Phishing refers to malicious emails which try and coerce you into clicking links/attachments or providing sensitive information. Most cyber-attacks start with a phishing email. Most phishing mails pretend to be from a known source – eg: your bank, HMRC, a company you deal with – but in fact are impersonating these organisations. Phishing emails are becoming increasingly sophisticated using authentic-looking logos and official contact details. However, clicking on the web-links within the email will either direct you to an authentic-looking malicious website and prompt you to divulge personal information, or potentially download malicious software which the fraudsters can use to steal your information.

If you receive an unexpected email don’t click on any links or attachments or reply with personal information.

Smishing is a form of phishing which delivers a malicious text (or SMS) message to your mobile phone. Generally this will come from an unrecognised telephone number and the message, similarly to a phishing email, will prompt you to urgently click on a link or direct you to call a phone number. The web-link or phone message will then attempt to obtain personal information – such as your bank account password – which can be used to steal your money or commit identity fraud. As with phishing emails, don’t click on links or reply to text messages from unknown sources. If it purports to come from your bank, contact them directly yourself using a phone number from their official website.

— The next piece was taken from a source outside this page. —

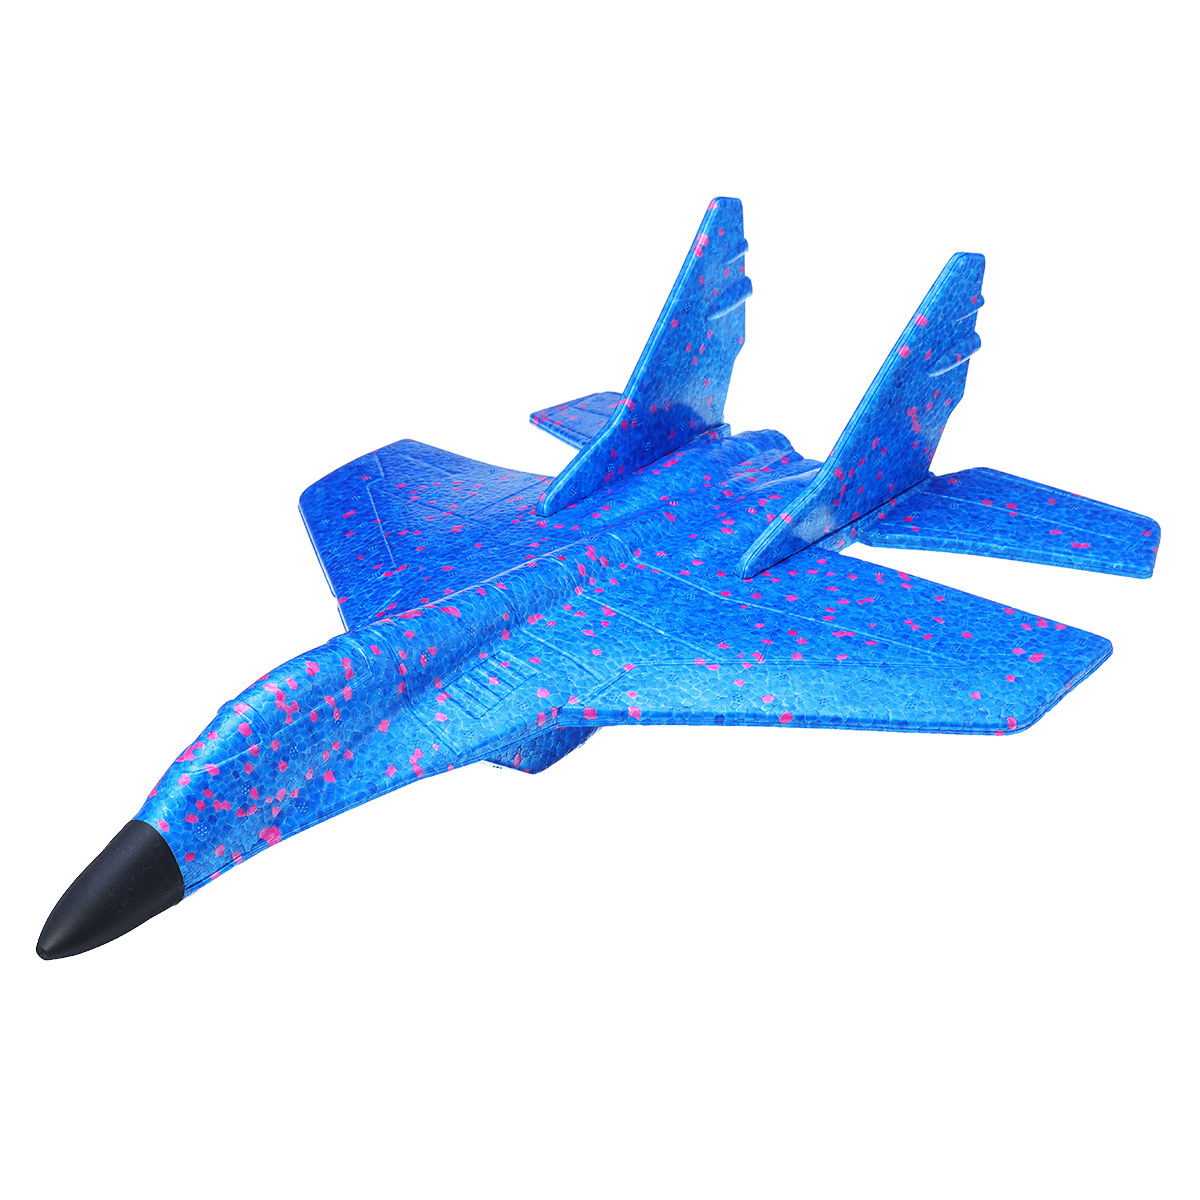 

43см EPP пена ручной бросок самолет истребитель запуск планер самолет дети весело игрушка в подарок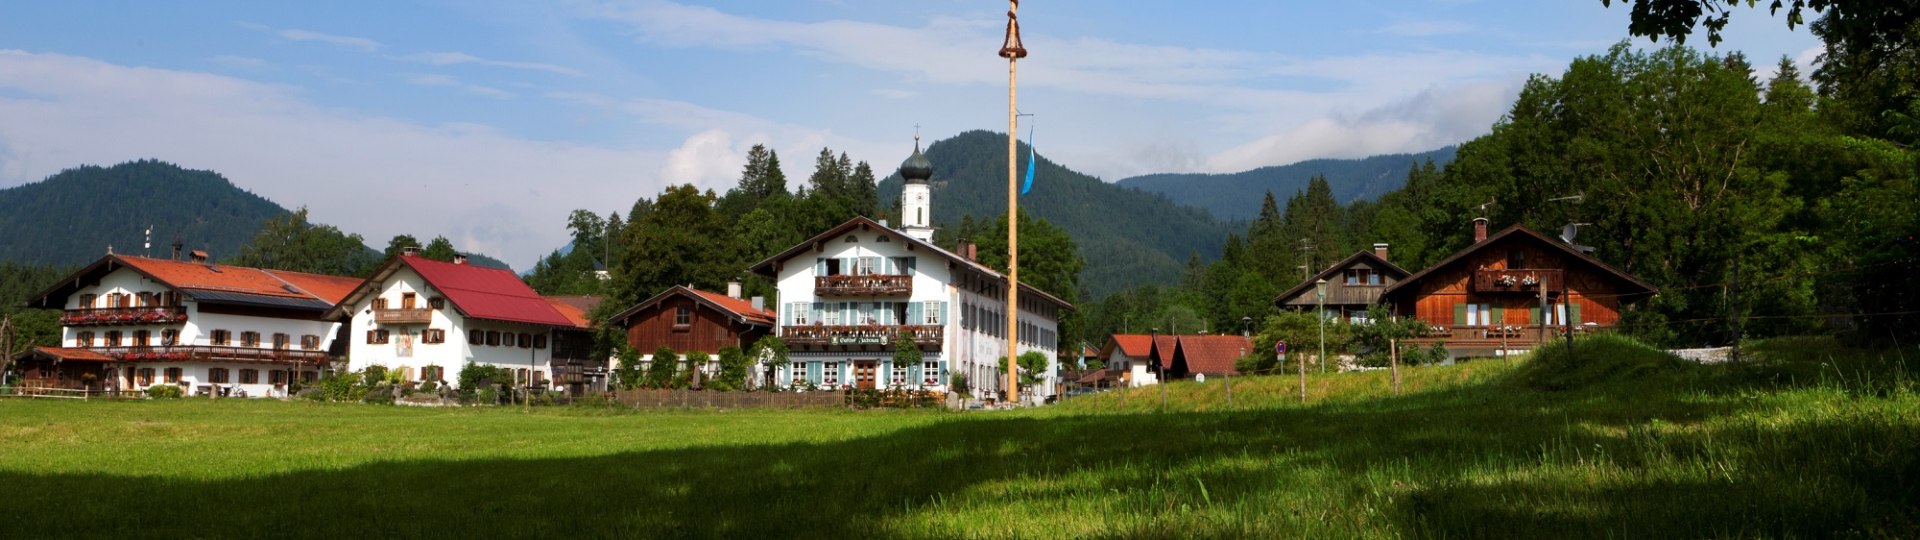 Jachenau Dorf, © Gemeinde Jachenau

Vishing refers to malicious telephone calls (ie: Voice + Phishing) from fraudsters which attempt to get you to provide sensitive personal information. Generally, the call will be unsolicited and will claim to be either an organisation you deal with, such as your bank, or an authority such as the police. Recorded cases have involved the use of scare tactics, claiming there is a police investigation involving your account and requesting you provide personal details to help with the process. Remember, the authorities or your bank will never ask you to divulge sensitive information over the phone or transfer money to a specific account. If you receive such a call do not provide any personal information. Hang up and contact the organisation directly using contact details from their valid website.